“You don’t stand a chance against my prayers . . . You don’t stand a chance against my love.”
These words written by Robbie Robertson and Jim Wilson for their song, Ghost Dance, speak not only of Native American angst but apply to anyone’s combat with any injustice or evil. It speaks to the power of prayer and love which are stronger than any difficulty.

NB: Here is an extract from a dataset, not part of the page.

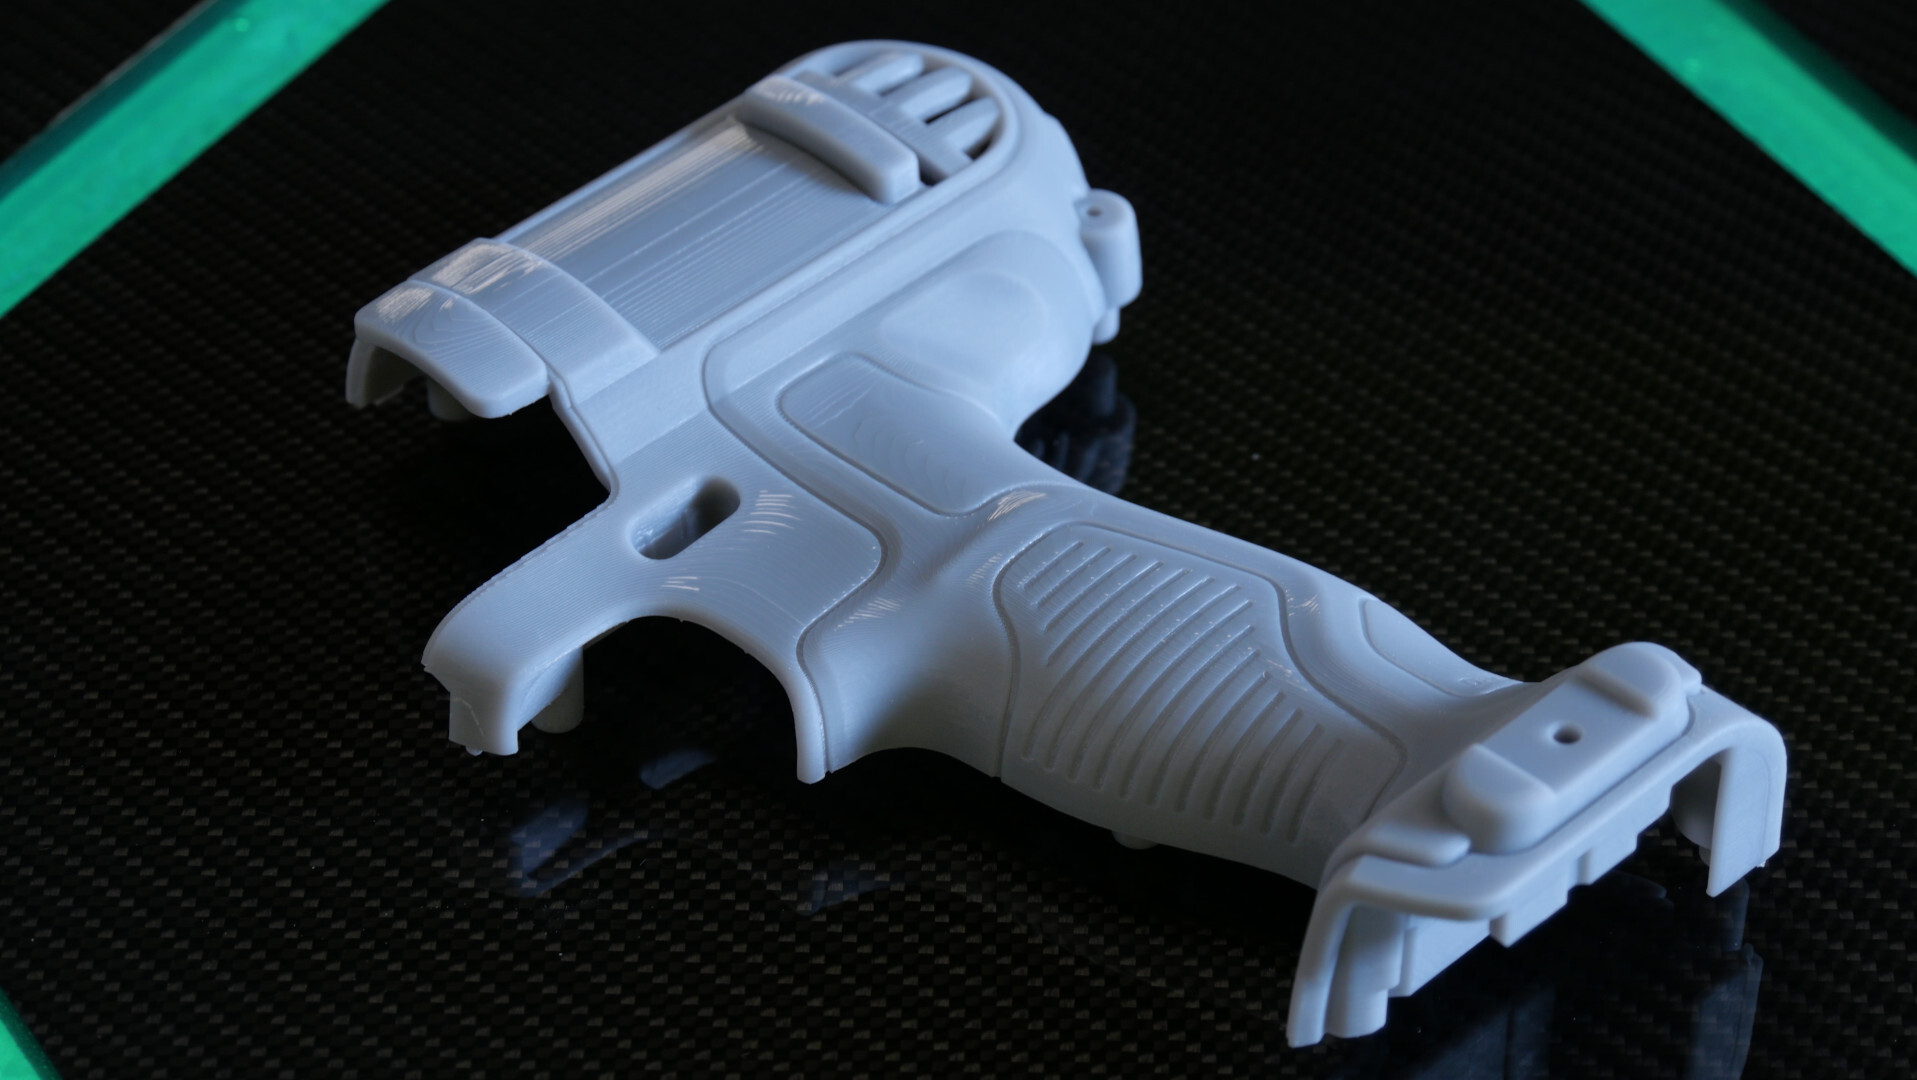 Power tool enclosure SLA print

About two decades ago I was inspired to study and read everything, including some primary source material, about the Native American Ghost Dance Religion, a spiritual movement which arose among many tribes in the latter part of the 1800s. Indians’ tenacity to faithfully practice a religion outlawed by the white American government was inspiring. I wanted to know all I could about this religion, about Wovoka, the Messiah who taught them through dance and vision that their ancestors (12 million slaughtered by Whites) and precious buffalo (forty million buffalo killed between 1830-1885 by Whites), and their land (stolen by false treaties with Whites) would return and the White man would disappear. Afraid of the Ghost Dance which they wrongly perceived to be a threat, the U.S. government cavalry soldiers massacred more than 300 Indians, including women and children, in 1890 at Wounded Knee. The Ghost Dance is a compelling study that I highly recommend. (To start, try Smithsonian ethnographer James Mooney who lived with the Cherokees and met Wovoka.)

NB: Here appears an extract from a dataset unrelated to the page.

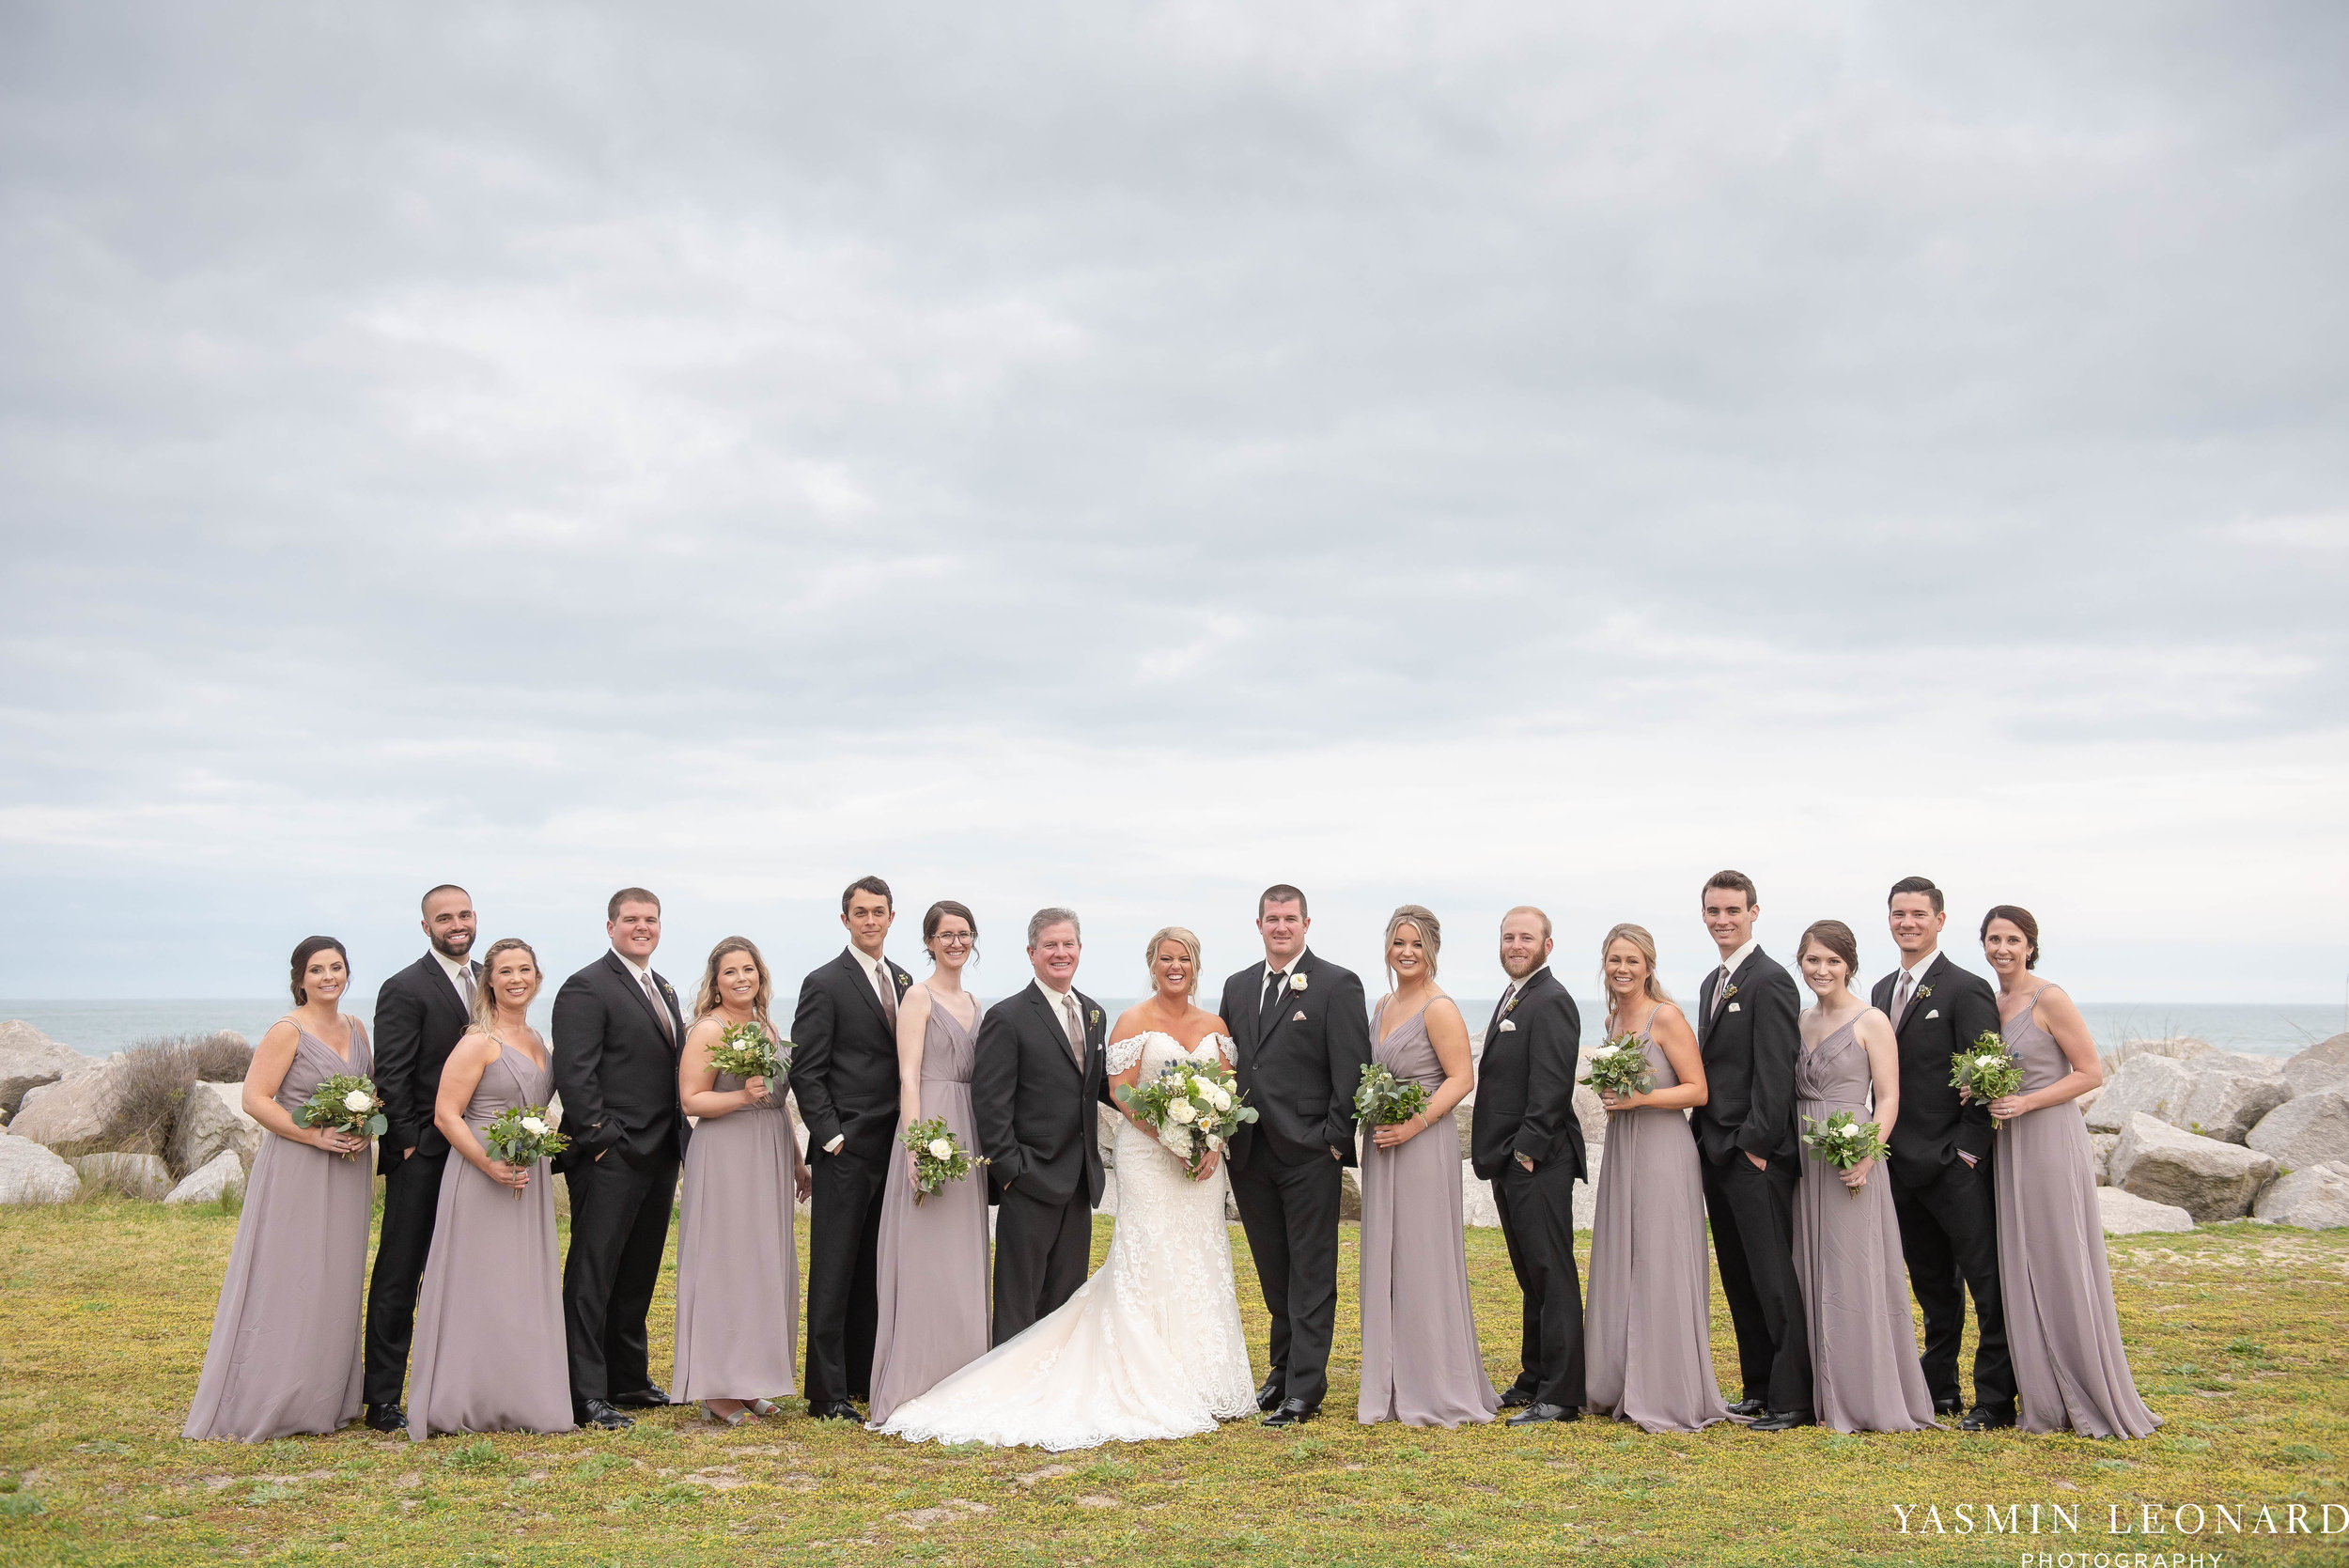 Carolina Beach Wedding - Fort Fisher Wedding - NC Acquarium - Beach Wedding - NC Wedding - Beach Wedding Inspiration - Beach Bride-26.jpg

When I first encountered the Ghost Dance twenty-some years ago, I did a series of large oil paintings following that theme (most are sold now). But recently in going through my multitude of note cards, this subject newly aroused my interest. I was led to purchase the CD, Robbie Robertson and The Red Road Ensemble, Music for The Native Americans. Playing this music, which I love, and re-reading my many notes on The Ghost Dance, I found myself gripped by two lines in one song, Ghost Dance: “You don’t stand a chance against my prayers . . . You don’t stand a chance against my love.“
It struck me that these lines had more than one meaning. We need to bravely speak these words to any wrong, any evil. It seems to me the Ghost Dance teaches a universal message. Whether we are concerned about Russia’s war against Ukraine, democracy’s demise throughout the world, politicians’ lies, racism, injustices of any kind, or some personal trauma, we must wear these words like shirts of the Ghost Dance. We can dance them in our hearts, speak them, live them: “You don’t stand a chance against my prayers . . . You don’t stand a chance against my love.” We must pray and we must love. Always. Under every circumstance. There is no other answer.
Artwork: You Don’t Stand a Chance, oil, mixed media, 30″ x 30″, $1,200. This recently finished piece came as I realized the personal and universal meanings behind this Native American-derived song on Robbie Robertson’s album, Robbie Robertson and The Red Road Ensemble: Music for The Native Americans.